Most people don't understand that embracing sexuality is as important as embracing spirituality. It is the embrace of self, yes, and the embrace of desire, but through these we learn to love and understand why we love. Sexuality is not about the act of sex. It is about intimacy: with self and with the world, GAY, STRAIGHT, or PLATONIC. It pains me to say it, because it is utterly cliche, but I think that fear of another's sexuality indicates discomfort with one's own.
After my honorable death from Christianity, I hesitantly proclaimed myself bisexual. I struggled with these issues in my journals over the last five years and finally realized that there was nothing to fear. I will love whom I love. I will fuck who I want to fuck. When I am with someone, I will love every moment of it because I can. I am comfortable with myself and I applaud those individuals whose relationships take them away from the beaten path.
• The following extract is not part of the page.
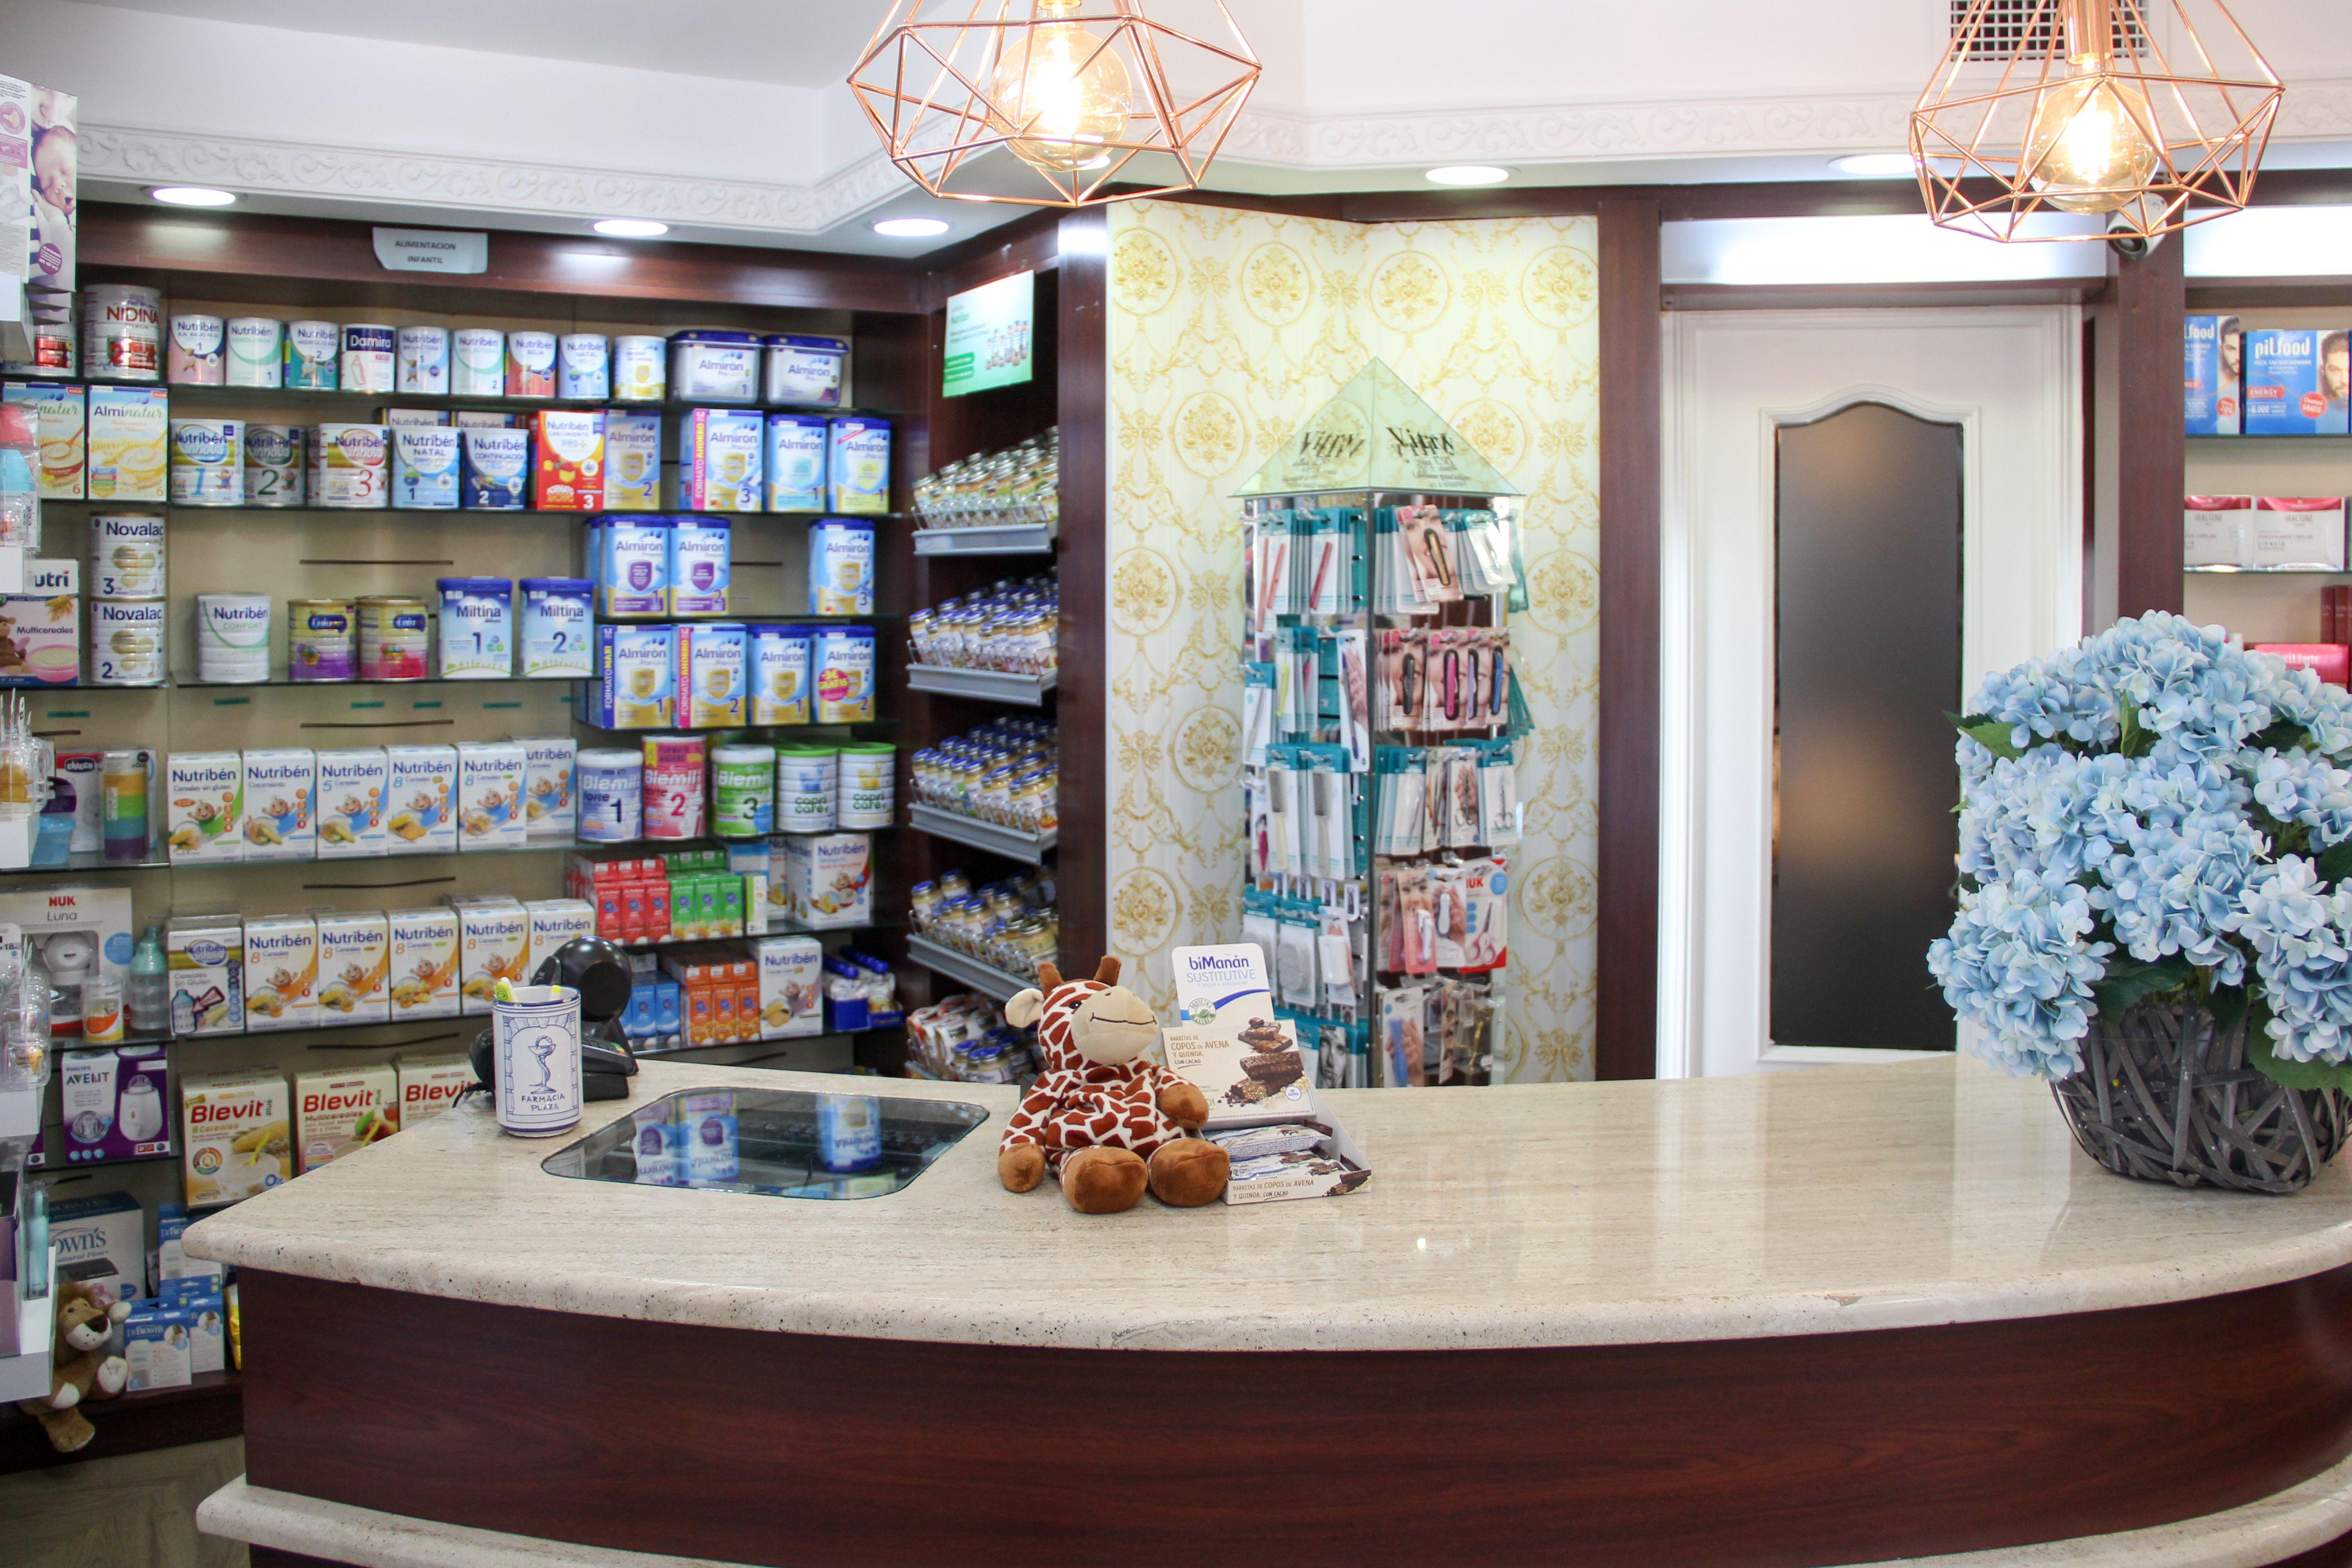 Foto 10 de Parafarmacia en Pozuelo de Alarcón   Farmacia Plaza

It takes a lot to be different in a world that claims to be open-minded and accepting but still persecutes based on fear.
I am tired of hearing people say that homosexuality is wrong. So many things we do are wrong, are 'unnatural.' We slaughter our planet, we sit on our asses and eat like gluttonous pigs, we neglect our families and our elders and we ignore these things. When the 'accepted' standard for relationships consists of a 50% divorce rate and an even higher potential for adultery and possible child abuse, I say to hell with it. And to hell with all who embrace the standard and "quietly dissent" against the rest. You keep your opinions to yourself? We hear you anyway. And it makes us laugh.
Note: This is in response to a thread in the webcam forums on Eta. [See Val's Cam, pages 25 onward]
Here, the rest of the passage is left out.